§ What this task involves
Quote the listing below in full and exactly as written, but omit every picture.

§ Available data
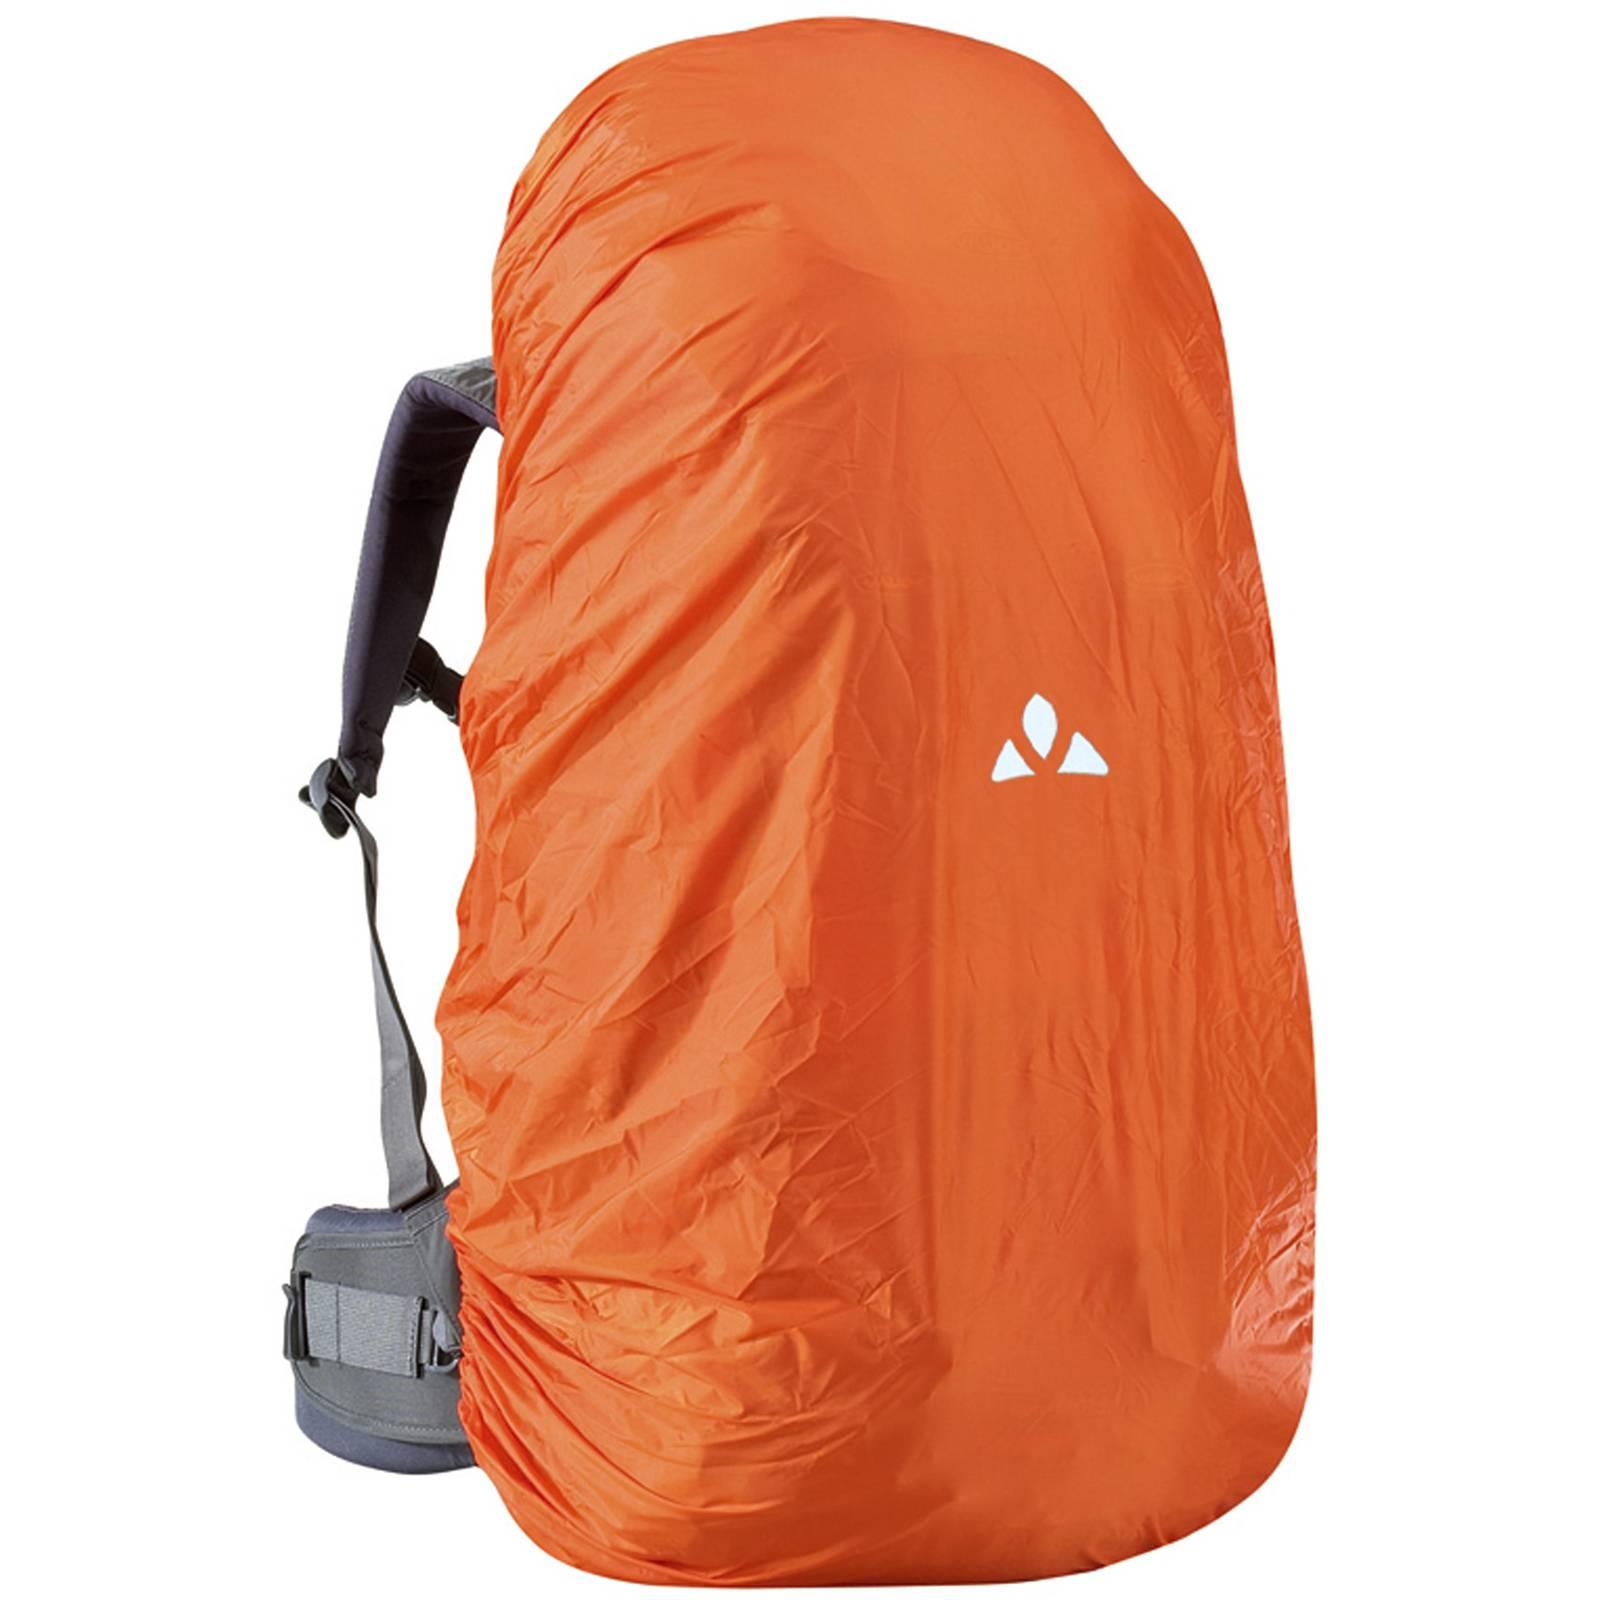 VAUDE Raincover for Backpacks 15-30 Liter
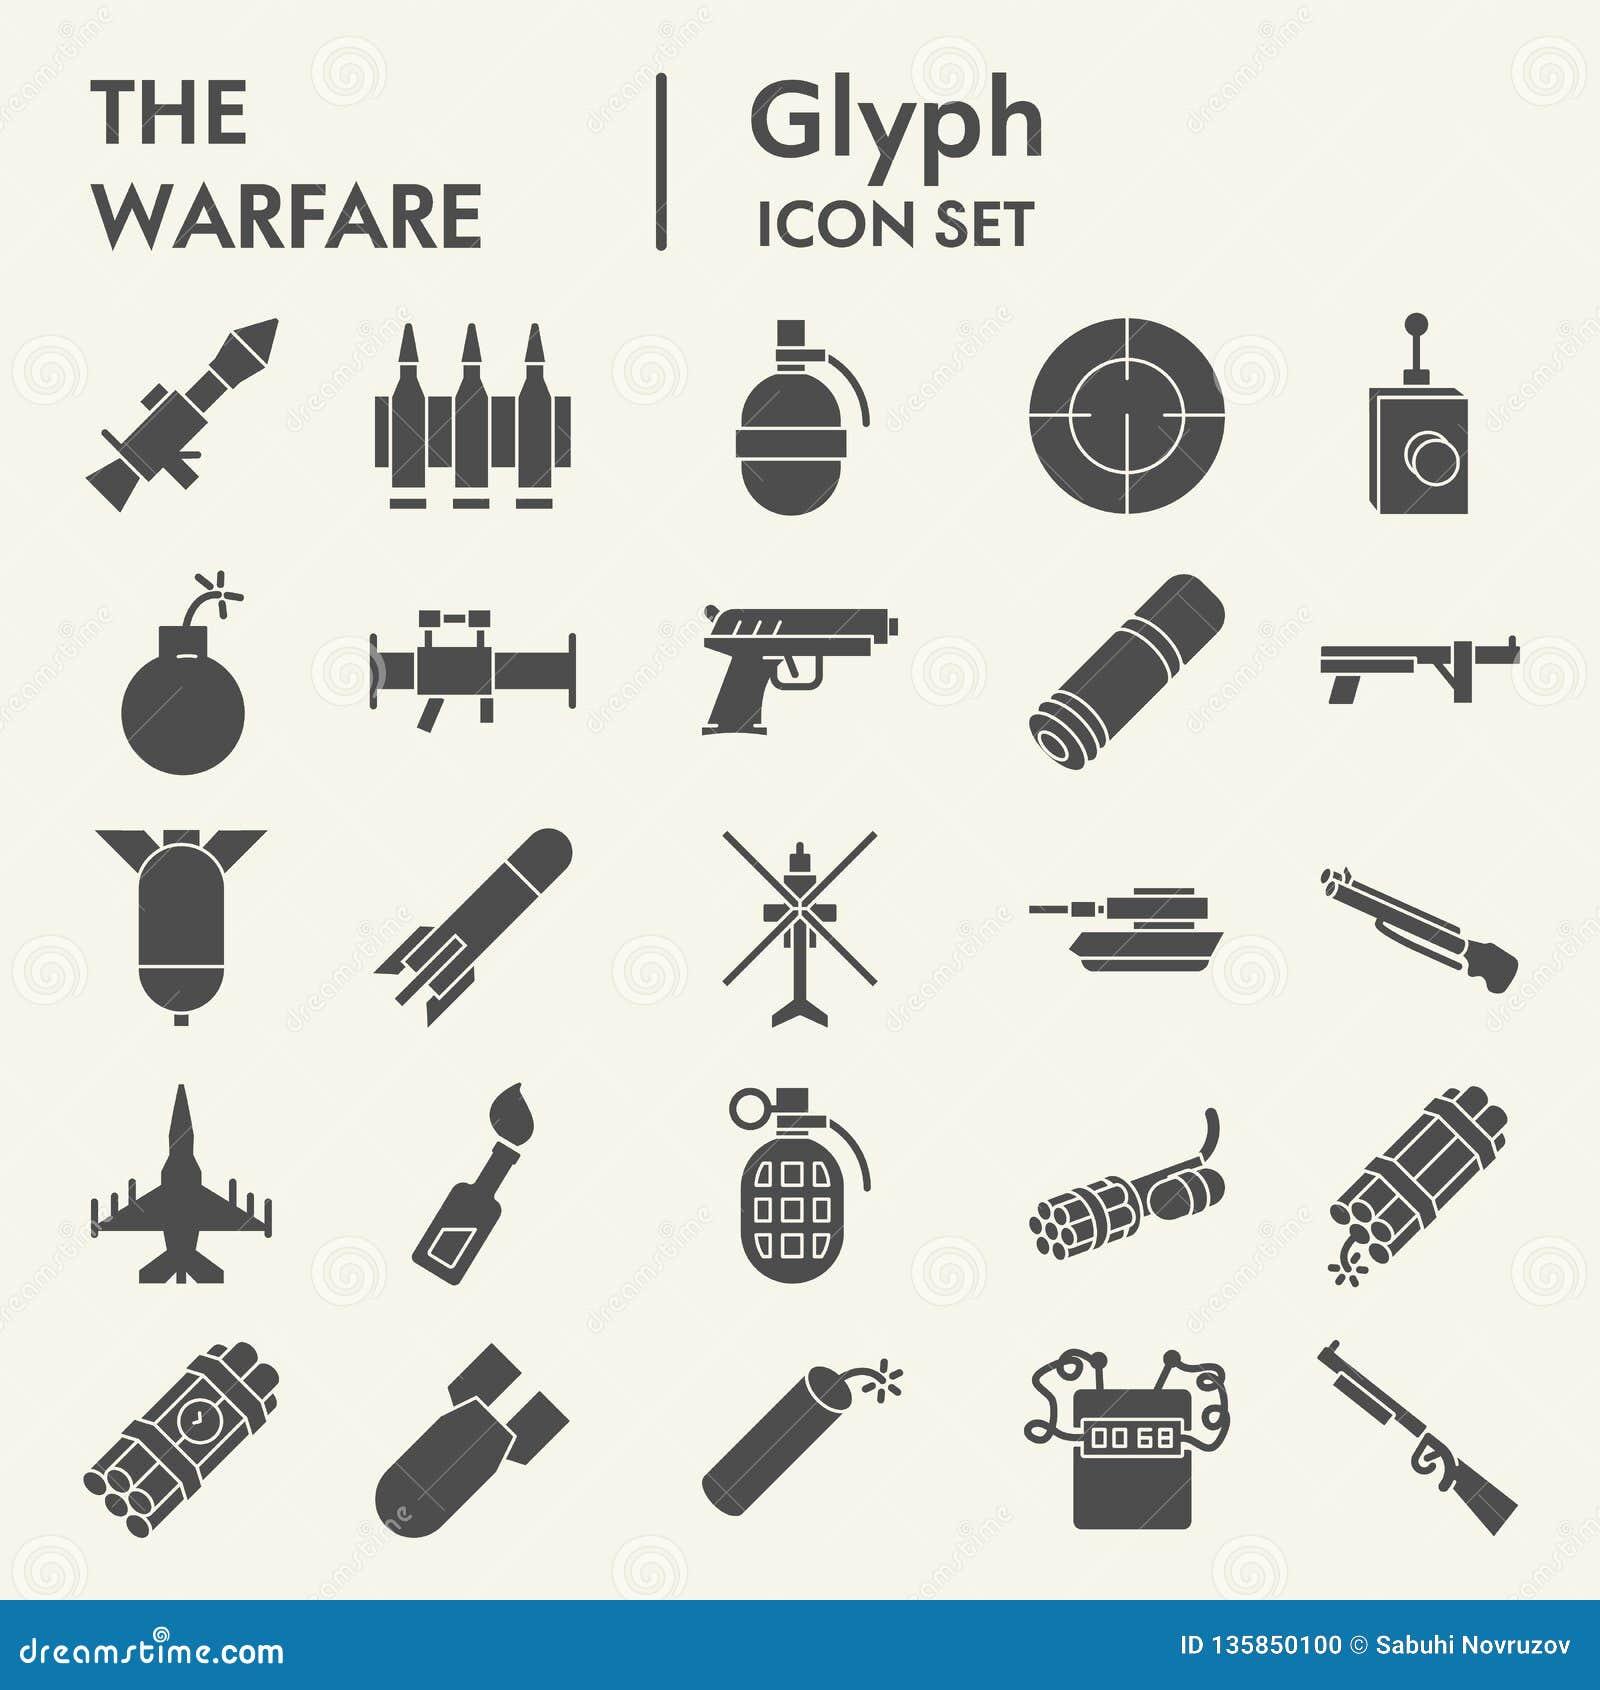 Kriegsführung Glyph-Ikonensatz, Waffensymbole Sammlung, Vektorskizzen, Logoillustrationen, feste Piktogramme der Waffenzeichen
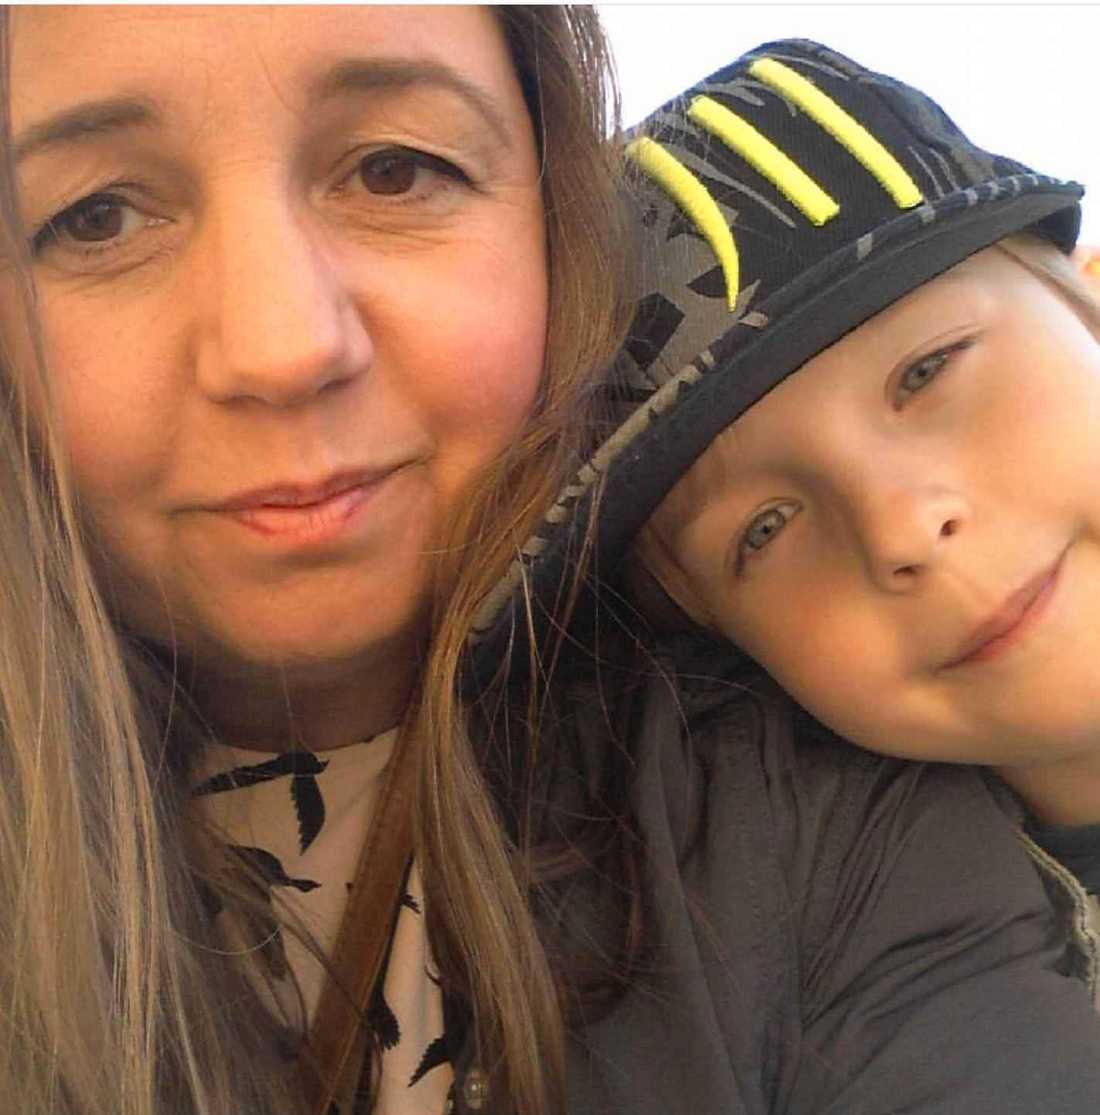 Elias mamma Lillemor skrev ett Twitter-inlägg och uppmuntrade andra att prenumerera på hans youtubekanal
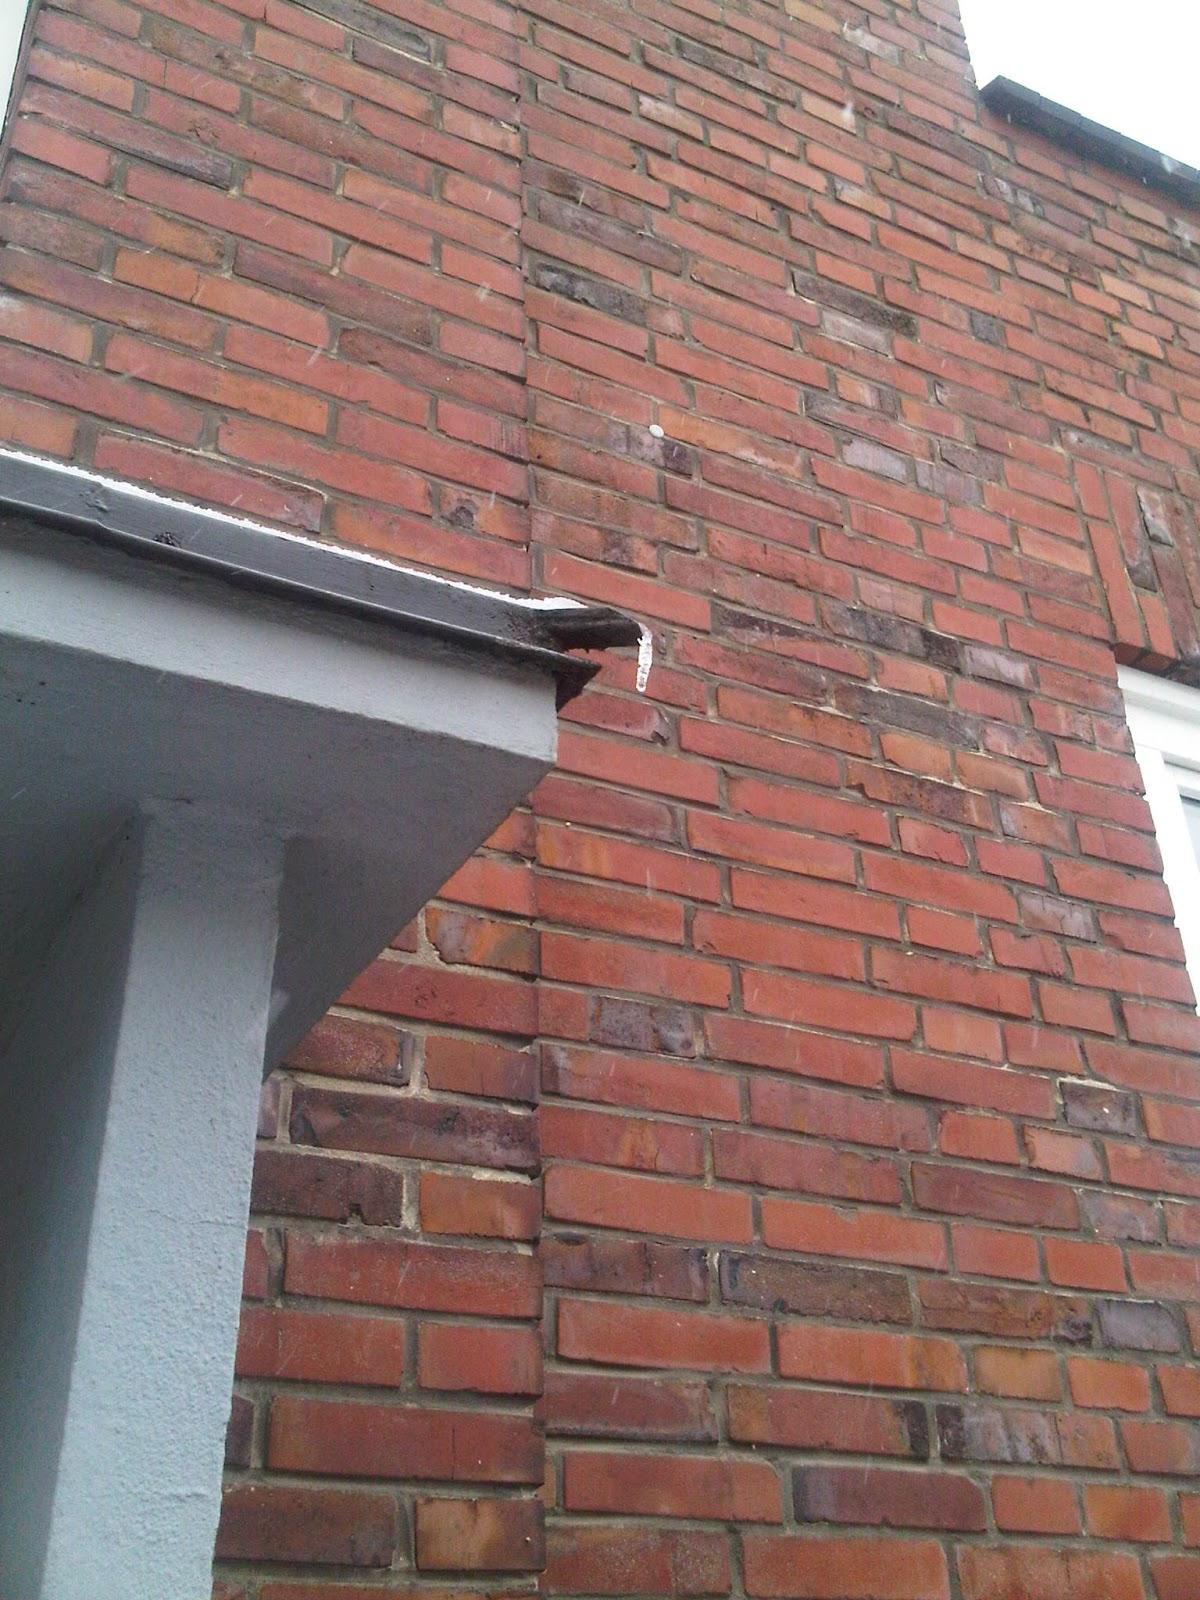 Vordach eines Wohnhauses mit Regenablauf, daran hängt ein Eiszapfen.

§ Task response
 VAUDE Raincover for Backpacks 15-30 Liter
 Kriegsführung Glyph-Ikonensatz, Waffensymbole Sammlung, Vektorskizzen, Logoillustrationen, feste Piktogramme der Waffenzeichen
 Elias mamma Lillemor skrev ett Twitter-inlägg och uppmuntrade andra att prenumerera på hans youtubekanal
 Vordach eines Wohnhauses mit Regenablauf, daran hängt ein Eiszapfen.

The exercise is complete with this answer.